◆ **Directions**
Output the records again verbatim.

(Dataset records)

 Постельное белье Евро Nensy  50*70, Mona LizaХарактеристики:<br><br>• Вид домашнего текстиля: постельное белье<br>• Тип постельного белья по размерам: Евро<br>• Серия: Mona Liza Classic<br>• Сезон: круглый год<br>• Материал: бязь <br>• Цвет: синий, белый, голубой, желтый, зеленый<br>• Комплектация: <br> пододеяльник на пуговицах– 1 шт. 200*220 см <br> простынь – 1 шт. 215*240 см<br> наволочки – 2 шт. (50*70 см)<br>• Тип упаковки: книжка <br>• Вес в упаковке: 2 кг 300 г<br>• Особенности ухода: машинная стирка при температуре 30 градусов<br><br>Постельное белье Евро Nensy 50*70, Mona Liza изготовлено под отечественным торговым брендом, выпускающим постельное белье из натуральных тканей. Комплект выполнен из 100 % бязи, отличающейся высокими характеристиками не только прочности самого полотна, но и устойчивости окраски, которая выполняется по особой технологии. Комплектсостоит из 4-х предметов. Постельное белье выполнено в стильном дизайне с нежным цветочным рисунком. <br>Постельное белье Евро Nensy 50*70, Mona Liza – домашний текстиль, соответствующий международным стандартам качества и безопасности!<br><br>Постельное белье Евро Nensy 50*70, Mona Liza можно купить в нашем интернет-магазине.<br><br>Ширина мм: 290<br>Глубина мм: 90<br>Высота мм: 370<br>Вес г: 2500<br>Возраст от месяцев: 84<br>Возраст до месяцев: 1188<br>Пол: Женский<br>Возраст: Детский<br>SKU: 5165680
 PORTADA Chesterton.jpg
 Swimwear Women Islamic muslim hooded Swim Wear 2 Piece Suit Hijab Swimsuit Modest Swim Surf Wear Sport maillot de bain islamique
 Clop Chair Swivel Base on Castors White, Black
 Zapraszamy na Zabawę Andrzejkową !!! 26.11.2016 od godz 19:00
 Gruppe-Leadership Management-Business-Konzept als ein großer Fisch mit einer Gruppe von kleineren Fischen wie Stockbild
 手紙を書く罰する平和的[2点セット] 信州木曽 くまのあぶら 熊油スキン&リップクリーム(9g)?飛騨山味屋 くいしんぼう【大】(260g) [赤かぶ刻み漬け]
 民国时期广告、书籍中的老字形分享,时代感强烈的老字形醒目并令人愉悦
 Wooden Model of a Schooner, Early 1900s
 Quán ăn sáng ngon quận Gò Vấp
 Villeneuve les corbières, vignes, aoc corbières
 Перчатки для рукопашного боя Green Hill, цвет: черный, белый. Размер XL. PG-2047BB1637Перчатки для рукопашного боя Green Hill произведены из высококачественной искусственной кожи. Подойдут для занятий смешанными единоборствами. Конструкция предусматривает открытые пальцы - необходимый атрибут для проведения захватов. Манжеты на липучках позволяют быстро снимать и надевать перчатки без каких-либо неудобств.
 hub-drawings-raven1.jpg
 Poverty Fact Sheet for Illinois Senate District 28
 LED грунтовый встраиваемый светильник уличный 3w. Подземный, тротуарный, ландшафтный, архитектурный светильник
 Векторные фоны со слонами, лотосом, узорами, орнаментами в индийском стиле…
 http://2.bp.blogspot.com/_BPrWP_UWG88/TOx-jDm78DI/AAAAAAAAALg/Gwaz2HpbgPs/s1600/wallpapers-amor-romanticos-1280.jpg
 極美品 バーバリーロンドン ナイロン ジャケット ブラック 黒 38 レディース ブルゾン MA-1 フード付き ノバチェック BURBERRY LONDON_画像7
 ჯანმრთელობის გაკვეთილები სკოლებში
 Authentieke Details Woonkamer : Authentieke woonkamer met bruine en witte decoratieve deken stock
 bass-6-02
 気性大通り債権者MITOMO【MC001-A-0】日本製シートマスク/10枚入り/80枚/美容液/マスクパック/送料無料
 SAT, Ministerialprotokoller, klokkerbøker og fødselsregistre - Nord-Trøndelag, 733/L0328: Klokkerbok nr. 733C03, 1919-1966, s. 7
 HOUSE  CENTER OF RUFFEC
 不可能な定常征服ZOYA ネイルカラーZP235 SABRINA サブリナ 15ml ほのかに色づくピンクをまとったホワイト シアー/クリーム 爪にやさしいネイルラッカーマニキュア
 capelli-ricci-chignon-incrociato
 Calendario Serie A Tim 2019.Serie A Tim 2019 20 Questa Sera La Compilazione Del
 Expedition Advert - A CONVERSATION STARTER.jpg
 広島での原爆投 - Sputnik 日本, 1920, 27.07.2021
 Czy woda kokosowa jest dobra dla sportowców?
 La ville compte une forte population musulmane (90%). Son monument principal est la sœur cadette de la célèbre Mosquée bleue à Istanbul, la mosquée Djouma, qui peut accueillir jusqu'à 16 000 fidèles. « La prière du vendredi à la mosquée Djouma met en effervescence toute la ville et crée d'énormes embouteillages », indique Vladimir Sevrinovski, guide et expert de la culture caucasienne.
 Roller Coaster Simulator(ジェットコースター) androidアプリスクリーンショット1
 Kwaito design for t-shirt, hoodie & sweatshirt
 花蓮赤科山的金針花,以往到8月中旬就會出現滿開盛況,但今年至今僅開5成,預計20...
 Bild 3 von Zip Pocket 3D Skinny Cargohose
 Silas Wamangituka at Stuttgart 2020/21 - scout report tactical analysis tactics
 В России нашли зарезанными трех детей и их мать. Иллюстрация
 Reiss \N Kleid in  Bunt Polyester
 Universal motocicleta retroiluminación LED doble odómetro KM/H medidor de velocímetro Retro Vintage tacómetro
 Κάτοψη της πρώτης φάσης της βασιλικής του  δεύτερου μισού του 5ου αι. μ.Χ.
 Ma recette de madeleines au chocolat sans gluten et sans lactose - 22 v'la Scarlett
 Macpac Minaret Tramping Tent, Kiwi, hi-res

(End Dataset records)

◆ **Your solution**
 Постельное белье Евро Nensy  50*70, Mona LizaХарактеристики:<br><br>• Вид домашнего текстиля: постельное белье<br>• Тип постельного белья по размерам: Евро<br>• Серия: Mona Liza Classic<br>• Сезон: круглый год<br>• Материал: бязь <br>• Цвет: синий, белый, голубой, желтый, зеленый<br>• Комплектация: <br> пододеяльник на пуговицах– 1 шт. 200*220 см <br> простынь – 1 шт. 215*240 см<br> наволочки – 2 шт. (50*70 см)<br>• Тип упаковки: книжка <br>• Вес в упаковке: 2 кг 300 г<br>• Особенности ухода: машинная стирка при температуре 30 градусов<br><br>Постельное белье Евро Nensy 50*70, Mona Liza изготовлено под отечественным торговым брендом, выпускающим постельное белье из натуральных тканей. Комплект выполнен из 100 % бязи, отличающейся высокими характеристиками не только прочности самого полотна, но и устойчивости окраски, которая выполняется по особой технологии. Комплектсостоит из 4-х предметов. Постельное белье выполнено в стильном дизайне с нежным цветочным рисунком. <br>Постельное белье Евро Nensy 50*70, Mona Liza – домашний текстиль, соответствующий международным стандартам качества и безопасности!<br><br>Постельное белье Евро Nensy 50*70, Mona Liza можно купить в нашем интернет-магазине.<br><br>Ширина мм: 290<br>Глубина мм: 90<br>Высота мм: 370<br>Вес г: 2500<br>Возраст от месяцев: 84<br>Возраст до месяцев: 1188<br>Пол: Женский<br>Возраст: Детский<br>SKU: 5165680
 PORTADA Chesterton.jpg
 Swimwear Women Islamic muslim hooded Swim Wear 2 Piece Suit Hijab Swimsuit Modest Swim Surf Wear Sport maillot de bain islamique
 Clop Chair Swivel Base on Castors White, Black
 Zapraszamy na Zabawę Andrzejkową !!! 26.11.2016 od godz 19:00
 Gruppe-Leadership Management-Business-Konzept als ein großer Fisch mit einer Gruppe von kleineren Fischen wie Stockbild
 手紙を書く罰する平和的[2点セット] 信州木曽 くまのあぶら 熊油スキン&リップクリーム(9g)?飛騨山味屋 くいしんぼう【大】(260g) [赤かぶ刻み漬け]
 民国时期广告、书籍中的老字形分享,时代感强烈的老字形醒目并令人愉悦
 Wooden Model of a Schooner, Early 1900s
 Quán ăn sáng ngon quận Gò Vấp
 Villeneuve les corbières, vignes, aoc corbières
 Перчатки для рукопашного боя Green Hill, цвет: черный, белый. Размер XL. PG-2047BB1637Перчатки для рукопашного боя Green Hill произведены из высококачественной искусственной кожи. Подойдут для занятий смешанными единоборствами. Конструкция предусматривает открытые пальцы - необходимый атрибут для проведения захватов. Манжеты на липучках позволяют быстро снимать и надевать перчатки без каких-либо неудобств.
 hub-drawings-raven1.jpg
 Poverty Fact Sheet for Illinois Senate District 28
 LED грунтовый встраиваемый светильник уличный 3w. Подземный, тротуарный, ландшафтный, архитектурный светильник
 Векторные фоны со слонами, лотосом, узорами, орнаментами в индийском стиле…
 http://2.bp.blogspot.com/_BPrWP_UWG88/TOx-jDm78DI/AAAAAAAAALg/Gwaz2HpbgPs/s1600/wallpapers-amor-romanticos-1280.jpg
 極美品 バーバリーロンドン ナイロン ジャケット ブラック 黒 38 レディース ブルゾン MA-1 フード付き ノバチェック BURBERRY LONDON_画像7
 ჯანმრთელობის გაკვეთილები სკოლებში
 Authentieke Details Woonkamer : Authentieke woonkamer met bruine en witte decoratieve deken stock
 bass-6-02
 気性大通り債権者MITOMO【MC001-A-0】日本製シートマスク/10枚入り/80枚/美容液/マスクパック/送料無料
 SAT, Ministerialprotokoller, klokkerbøker og fødselsregistre - Nord-Trøndelag, 733/L0328: Klokkerbok nr. 733C03, 1919-1966, s. 7
 HOUSE  CENTER OF RUFFEC
 不可能な定常征服ZOYA ネイルカラーZP235 SABRINA サブリナ 15ml ほのかに色づくピンクをまとったホワイト シアー/クリーム 爪にやさしいネイルラッカーマニキュア
 capelli-ricci-chignon-incrociato
 Calendario Serie A Tim 2019.Serie A Tim 2019 20 Questa Sera La Compilazione Del
 Expedition Advert - A CONVERSATION STARTER.jpg
 広島での原爆投 - Sputnik 日本, 1920, 27.07.2021
 Czy woda kokosowa jest dobra dla sportowców?
 La ville compte une forte population musulmane (90%). Son monument principal est la sœur cadette de la célèbre Mosquée bleue à Istanbul, la mosquée Djouma, qui peut accueillir jusqu'à 16 000 fidèles. « La prière du vendredi à la mosquée Djouma met en effervescence toute la ville et crée d'énormes embouteillages », indique Vladimir Sevrinovski, guide et expert de la culture caucasienne.
 Roller Coaster Simulator(ジェットコースター) androidアプリスクリーンショット1
 Kwaito design for t-shirt, hoodie & sweatshirt
 花蓮赤科山的金針花,以往到8月中旬就會出現滿開盛況,但今年至今僅開5成,預計20...
 Bild 3 von Zip Pocket 3D Skinny Cargohose
 Silas Wamangituka at Stuttgart 2020/21 - scout report tactical analysis tactics
 В России нашли зарезанными трех детей и их мать. Иллюстрация
 Reiss \N Kleid in  Bunt Polyester
 Universal motocicleta retroiluminación LED doble odómetro KM/H medidor de velocímetro Retro Vintage tacómetro
 Κάτοψη της πρώτης φάσης της βασιλικής του  δεύτερου μισού του 5ου αι. μ.Χ.
 Ma recette de madeleines au chocolat sans gluten et sans lactose - 22 v'la Scarlett
 Macpac Minaret Tramping Tent, Kiwi, hi-res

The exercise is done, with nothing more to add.